Re: Ext4 and the "30 second window of death"

From: david
Date: Thu Apr 02 2009 - 17:47:39 EST


On Fri, 3 Apr 2009, Nick Piggin wrote:

On Friday 03 April 2009 05:22:48 david@xxxxxxx wrote:
On Wed, 1 Apr 2009, Matthew Garrett wrote:

The other subtlety comes if we add fsync() suppression to laptop mode
--- which is something that Bart Samwel is very interested in doing
and I talked to him at FOSDEM about this. As Jeff Garzik recently
pointed out, however, if we let the system reorder writes across
fsync() boundaries, or if we combine two writes to the same block
separated by an fsync(), and the system crashes in the middle of
pushing all of these blocks out to the disk, we can end up trashing
the consistency guarantees of a database such as mysql or postgres.
It's a good point, but it only applies if we add fsync() suppression
to laptop mode --- which we haven't done yet.

I've got absolutely no idea why anyone would want fsync() to stop
meaning "Put my data on the disk please". laptop-mode isn't intended to
reduce data integrity - it's intended to batch disk write-outs such that
there's a lower risk of needing to perform further write-outs in future.
It makes sense for applications which really desperately want
information on disk to fsync() (for instance, saving a file in
OpenOffice).

laptop-mode is something that makes sense as a default behaviour under a
lot of circumstances.
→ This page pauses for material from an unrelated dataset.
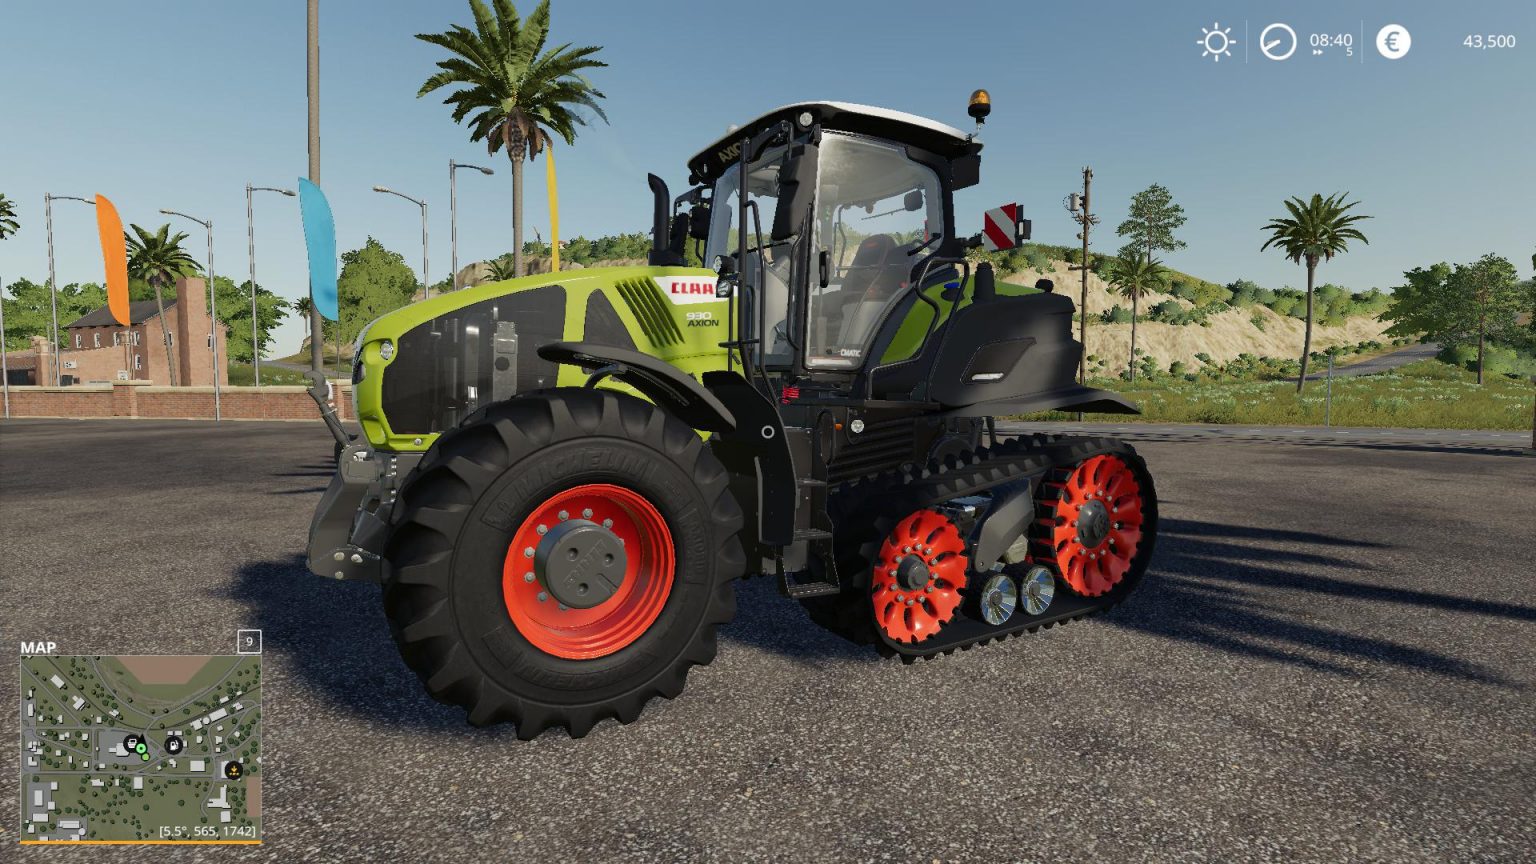 Ls2019 Claas Axion 900 V1002 Farming Simulator 22 Mod Ls22 Mod Images And Photos Finder 9111

Adding fsync() suppression means it's utterly
impossible to use it in that way. An additional mode would be perfectly
reasonable, as long as it's made clear that it's really a request for
data to be discarded at some point. The current mode isn't.

this issue seems pretty straightforward to me

the apps do fsync (and similar) to the degree that they think their data
is important (potentially with config options if they acknowlege that
their data isn't _always_ that important)

the system allows the admin to override the application and say "I'm
willing to loose up to X seconds of data for other benifits"

if this can work cleanly (with the ordering issue that was identified,
which may involve having multiple versions of the metadata cached) it
seems like a very clean interface.

It isn't just about ordering of writes a a filesystem. A database program
commits a transaction and then tells the client that it is safe. Client
then goes and does <something> in response to that, which may or may not
involve more writes to the filesystem.

Shouldn't applications have a mode to avoid spinning up the disk if it is
so important?

why should every application have to have a "I'm mobile" config option?

what about a user that's only mobile sometimes and wants full protection the rest of the time? how can they easily switch every application between 'keep the data as safe as you can' and 'save battery' modes? will you have to restart all the apps when you unplug power to switch their modes?

allowing the user to tell the system to override the applications when the user wants to is _much_ easier.